Twenty-three people left the Coffee County Circuit Court Clerk's office since 2021. Unfiltered reported that number. What a number can't tell you is why.
Lisa Riddle Dixon can.
"I Am 1 of 23"
Dixon, a former employee of the Circuit Court Clerk's office under Clerk Jenny Anthony, posted a detailed public account on Facebook this week identifying herself as one of those 23 departures. Her account doesn't read like a disgruntled exit. It reads like a record.
She says she left because of two things: a policy that treated vulnerable families as a low priority, and a leadership style that made fairness optional.
Family Treatment Court Orders Were Deprioritized
Dixon says that after returning from a leave of absence to care for her son during a serious medical situation, she found the office had changed. The specific change she names:
"I was instructed to de-prioritize orders from Family Treatment Court, with the explanation that the office 'wasn't paid' to process them and that they should be handled last."

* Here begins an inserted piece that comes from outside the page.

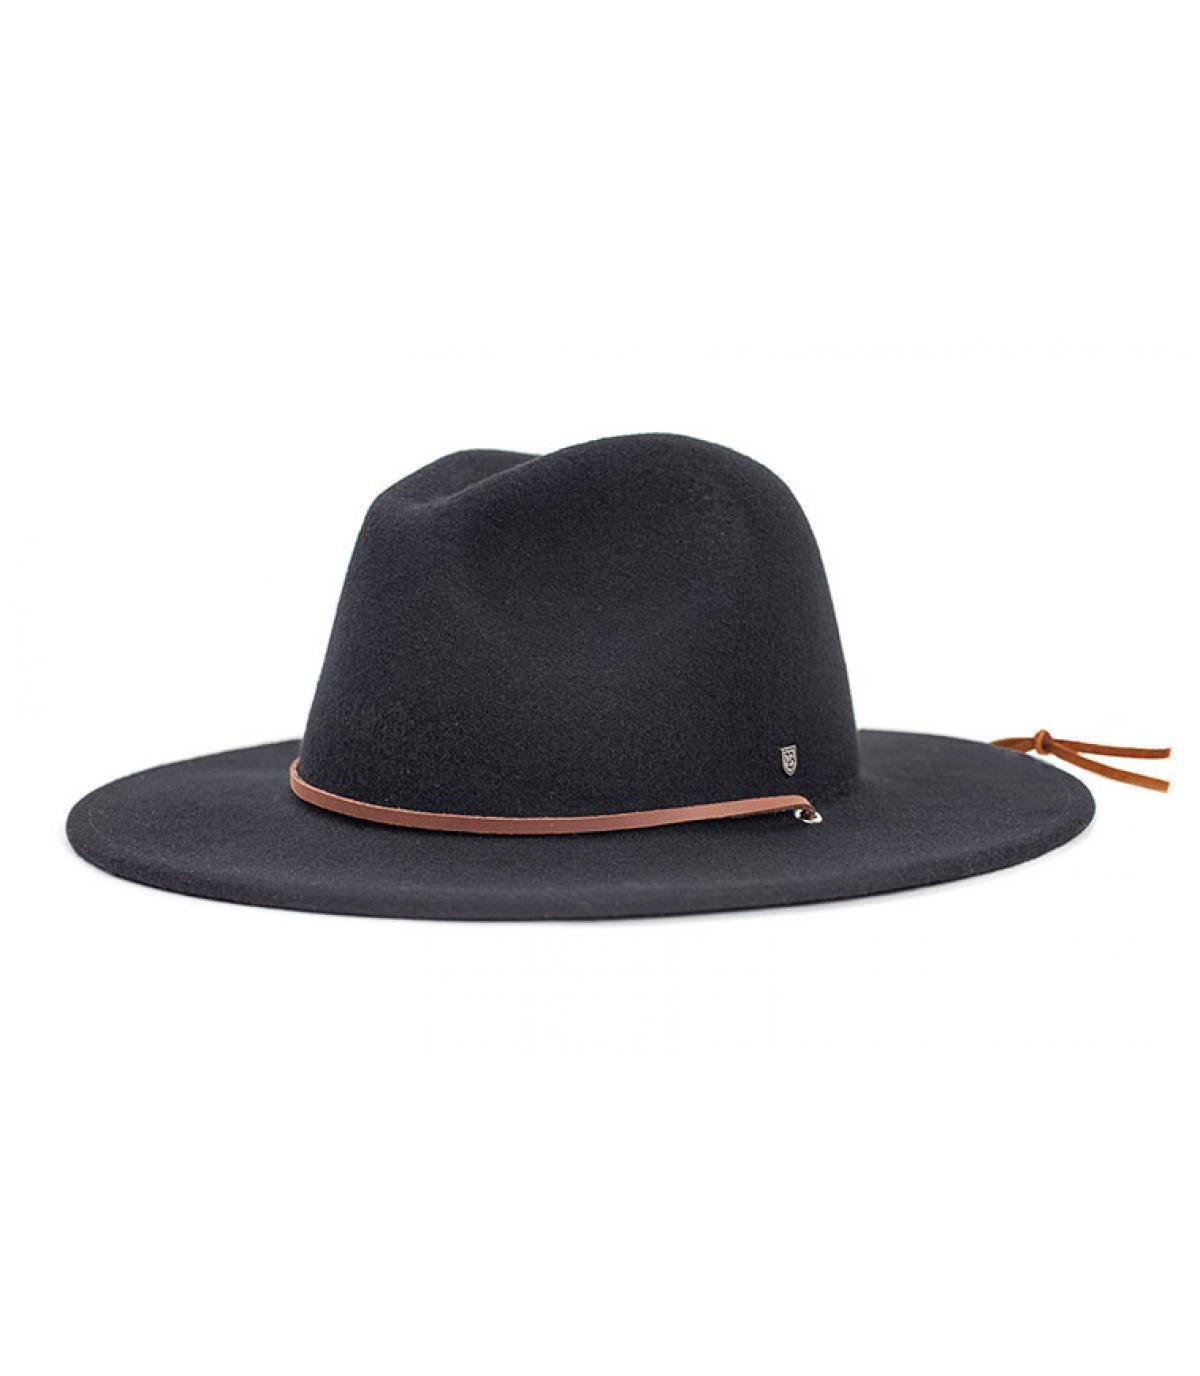 Chapeau bord long noir

Family Treatment Court orders aren't administrative paperwork. They govern custody visits, family reunification, and the legal milestones that parents in addiction recovery must clear to be with their children again. Putting those orders at the back of the line -- because the office decided it wasn't compensated to handle them -- means families waited longer for outcomes they had already earned.
Dixon made that plain: "These aren't just cases. They are mothers and fathers fighting -- just like I was -- for their children."
On one occasion, a request to send a clerk to a Family Treatment Court graduation to hand a parent their final custody order was denied by leadership. Dixon says the request was called "extremely unnecessary."
The Conduct She Witnessed
Dixon also describes the leadership environment that led her to leave. She says a workplace issue involving her was handled on a one-sided account, without any effort to hear her side. Rather than a private conversation, she says she was publicly confronted, yelled at, and humiliated in front of coworkers and members of the public.
Her assessment: leadership allowed ego to outweigh professionalism and service.
That is her account. Jenny Anthony has not responded to Unfiltered's request to appear on the show. Anthony has not had the opportunity to respond to Dixon's specific allegations on record. If she does, Unfiltered will report it.
What the Number Means Now
When Unfiltered first reported that 23 of 25 positions in the Circuit Court Clerk's office had turned over since 2021, the number raised a question the data alone couldn't answer: what were people leaving?
Dixon's account gives that question a specific, named answer. A policy that deprioritized the most vulnerable cases the office handles. A workplace where humiliation was a management tool. A gap between what the office is supposed to do and what it chose to do.
Twenty-three people left. Dixon is the first to say publicly what she found when she was there.
The Republican Primary for Coffee County Circuit Court Clerk is on the ballot this May. Dixon has endorsed challenger Kelsie Parks Adams.